Y el Sombrerero Loco le dijo a su sombrero:
—¡Ay, querido sombrero cuántos “no cumpleaños” he vivido junto a ti! ¡Cuántas tazas de té hemos tomado en tu compañía, todas ellas repletas de azúcar! Mi ilustre amigo de la mejor copa, aunque algo gastado, no te cambiaría por nada del mundo. Ni por un bombin inglés, ni por tu gemelo más preciado. Seguro que ninguno de ellos sería compañero y cómplice al mismo tiempo. Ni sonreiría con tu fondo destapado mis más locos chistes.
El sombrero miró con la tapa triste y de las arrugas de su copa brotó una lágrima. Saltó graciosamente, solo como él podía hacerlo, por la mesa llena de teteras y tazas llenas de té y se acercó a su dueño para hacerle una carantoña.

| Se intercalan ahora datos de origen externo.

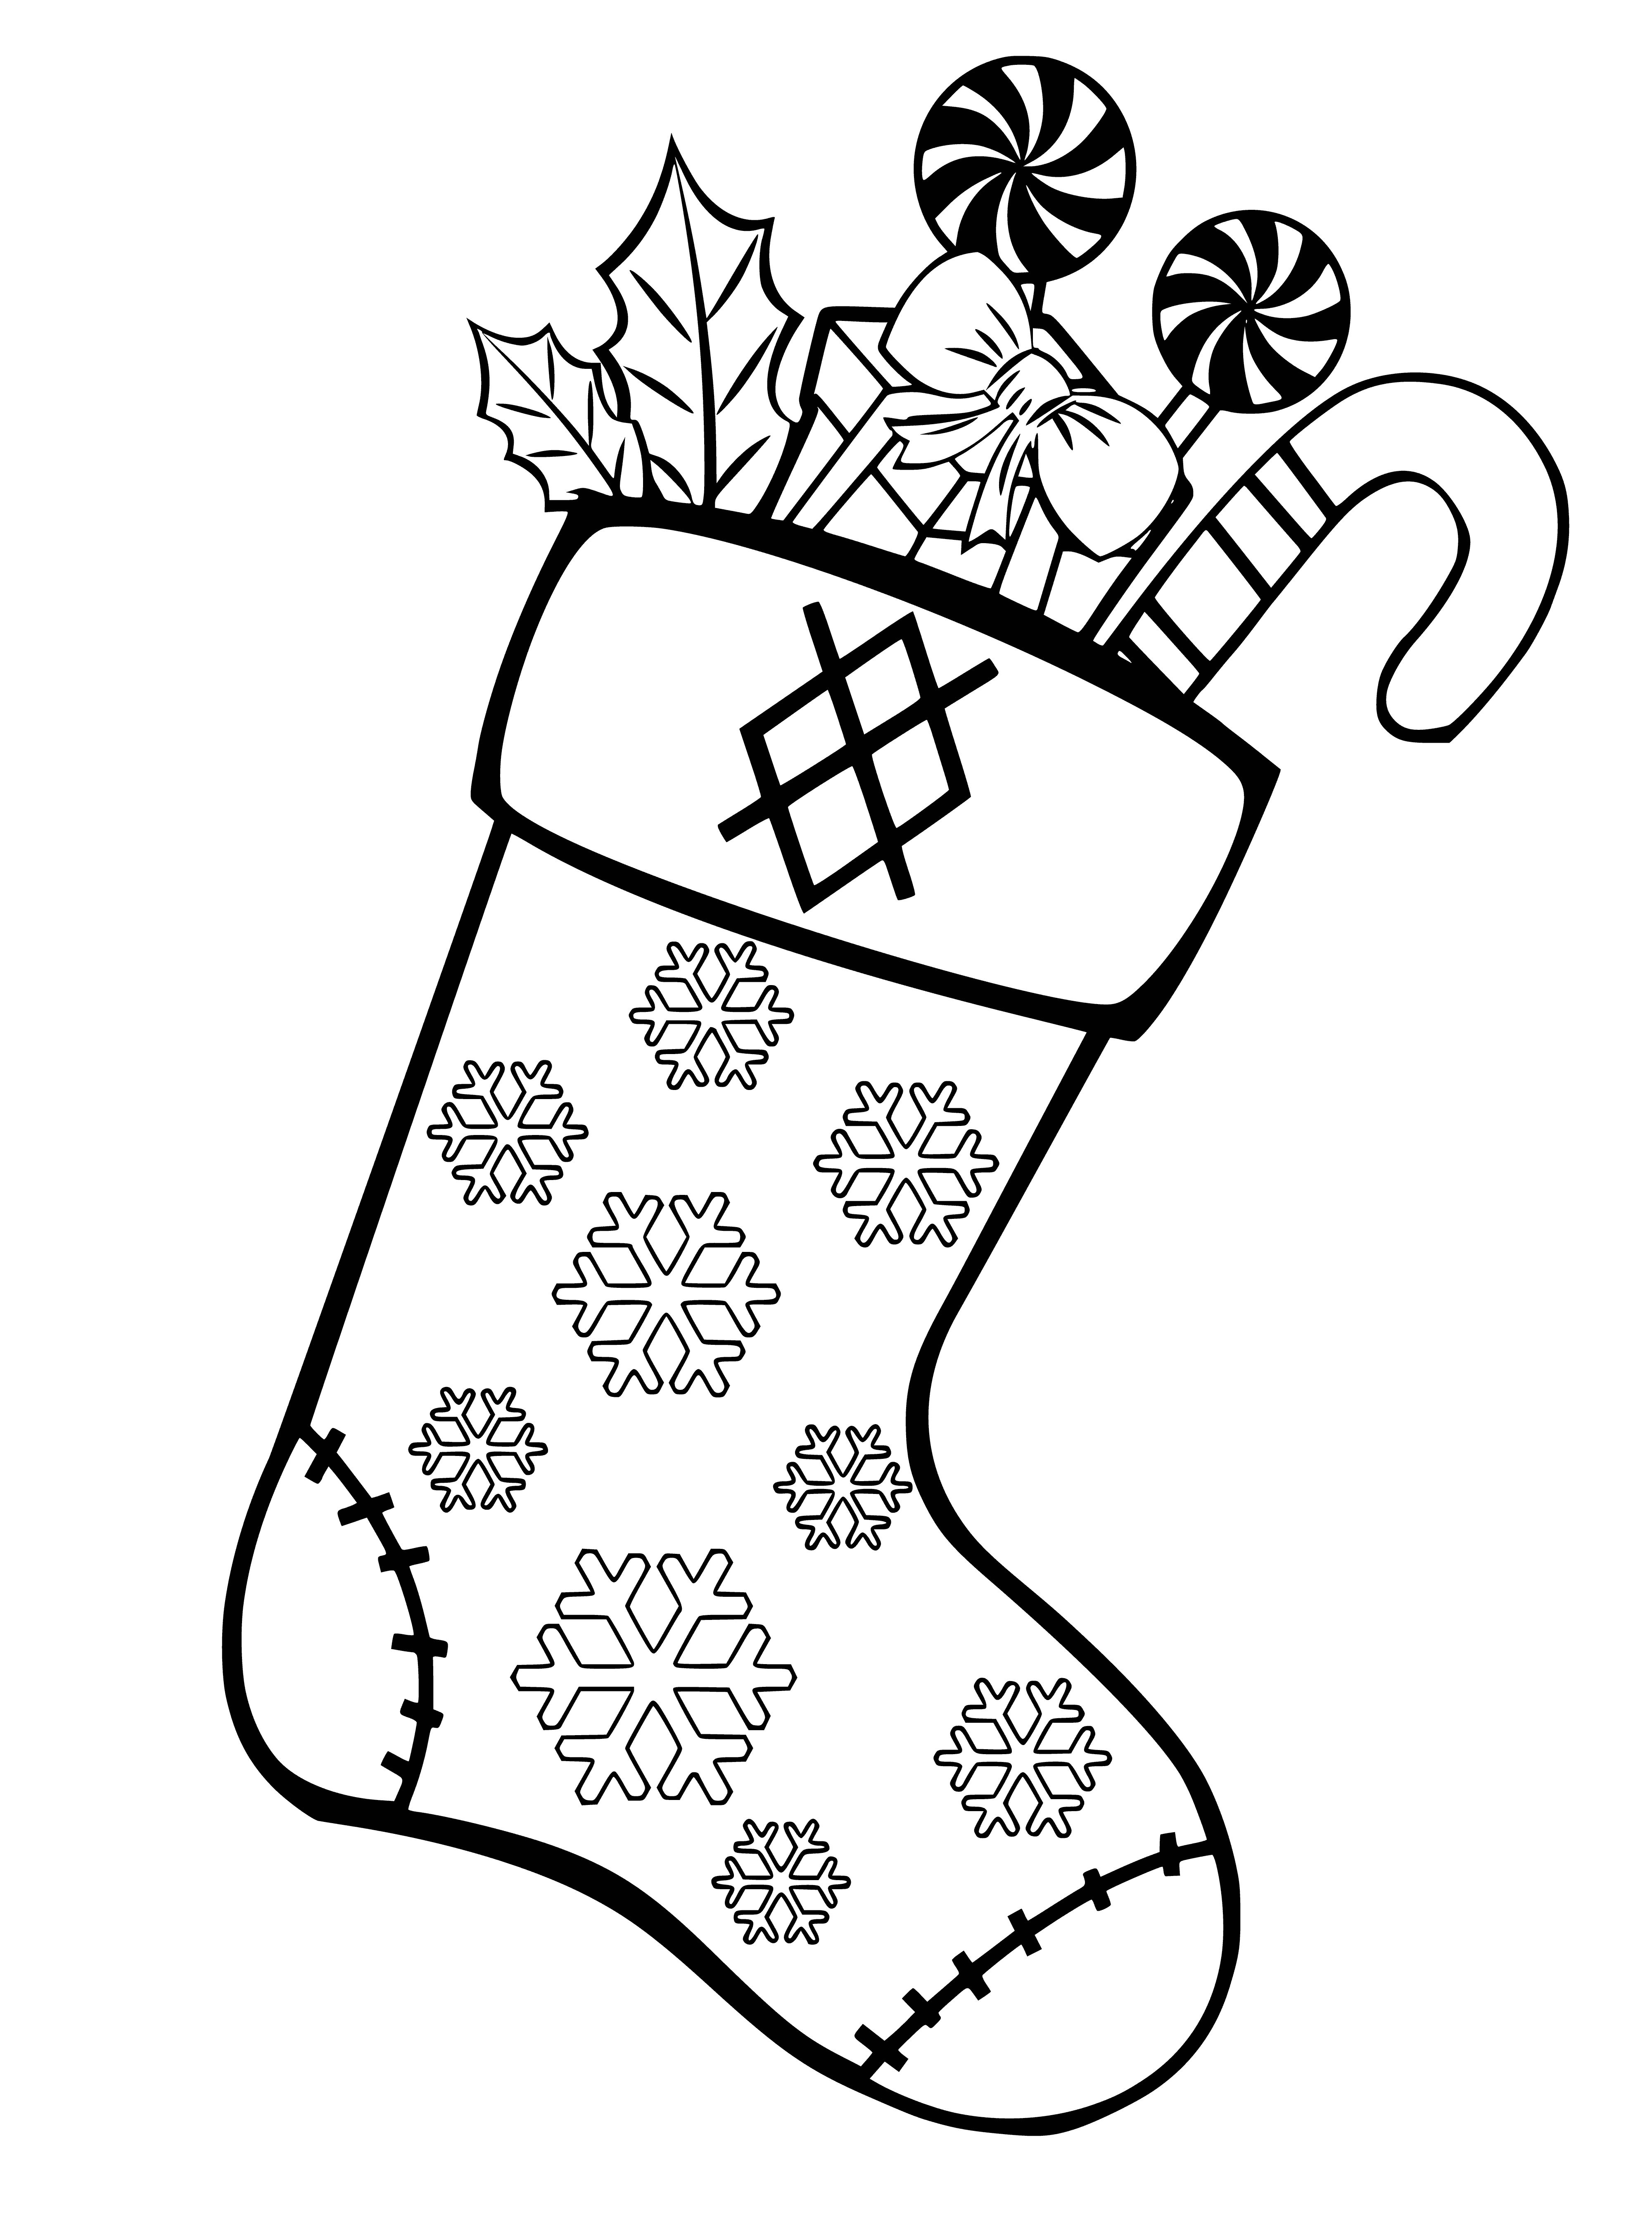 coloring page: Festive Christmas socks adorn the mantle: red & green, candy cane pattern! #HappyHolidays
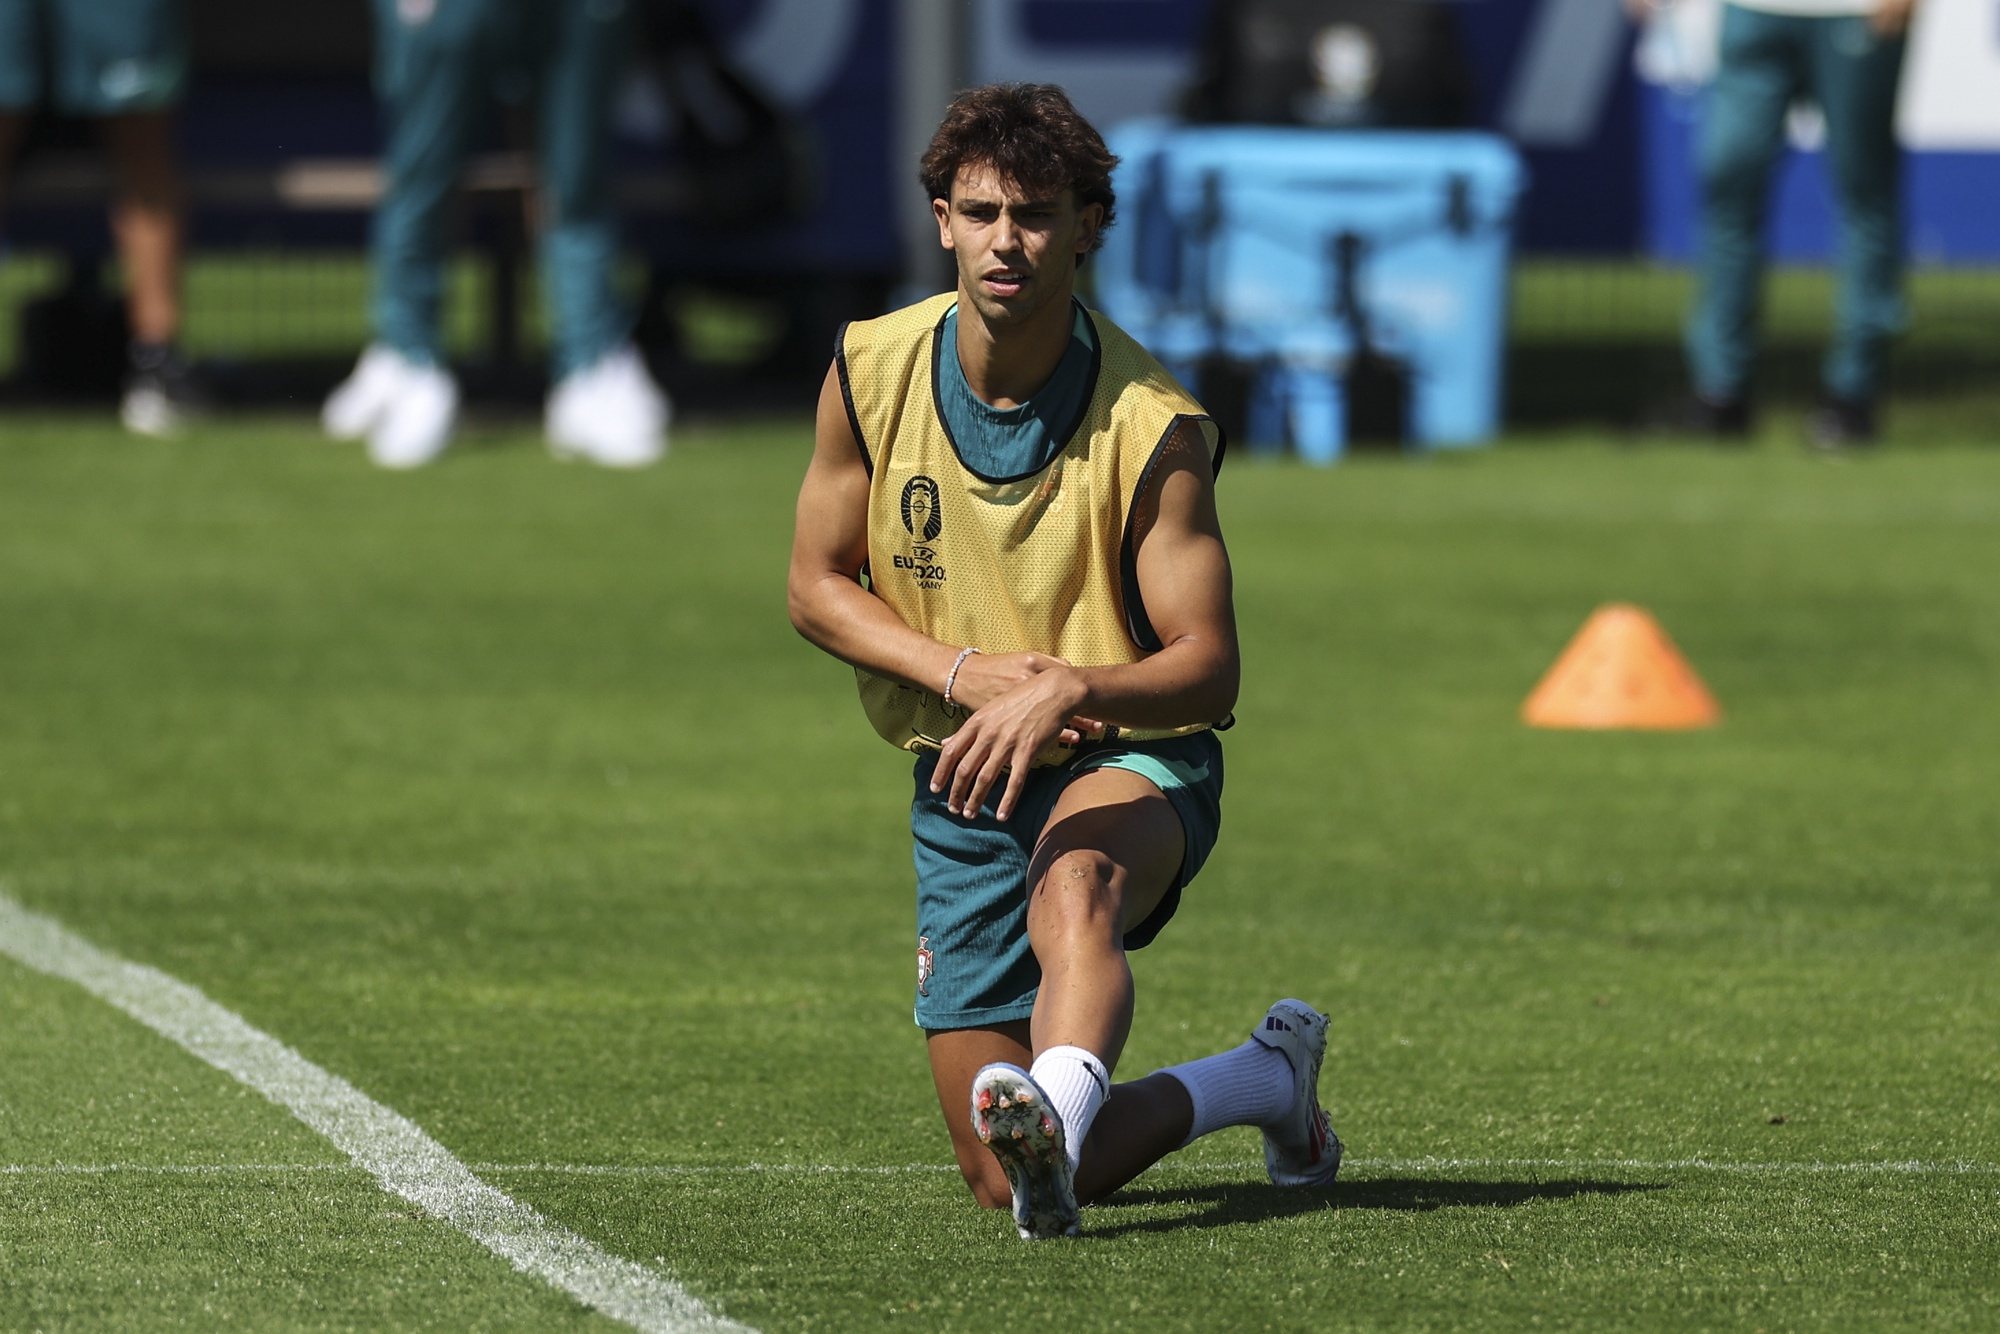 Portugal national soccer team player João Felix during a training session in Marienfeld, Harsewinkel, Germany, 25 June 2024. The Portuguese national soccer team is based in Marienfeld, Harsewinkel during the UEFA EURO 2024. MIGUEL A. LOPES/LUSA

—Lirón y Liebre, hace tiempo que se cansaron de mis juegos y mis deliciosas fiestas de “no cumpleaños”.
El Sombrerero parecía cansado y triste.
—¿Y que haremos ahora que se acabaron los juegos y fiestas?
—¿Trabajar?— preguntó el desaliñado sombrero.
—¡¿Cómo podría trabajar un Sombrerero Loco?!
—Si tanto me quieres restáurame, devuélveme mi porte. A cambio yo iré a por Liebre y Lirón dos días de cada siete, a los que llamaremos fin de semana. Disfruta creando modelos tan locos como tú los otro cinco días y les buscarás amo a cambio de dinero. Podrás cambiar tus roídas ropas y yo recobrar firmeza en mi desgastada figura y harás feliz al resto del reino.
—¿Porqué no? ¡Mis sombreros siempre fueron desternillantes!
El Sombrerero se irguió y sintió recobrar su ánimo. Comenzó a recoger la astillada vajilla mohosa tras el último “no cumpleaños” hace ya tiempo.
Quitó el polvo a sus enseres y se puso manos a la obra. Así fue como el Sombrerero Loco recobró el equilibrio. Gracias a su amado sombrero.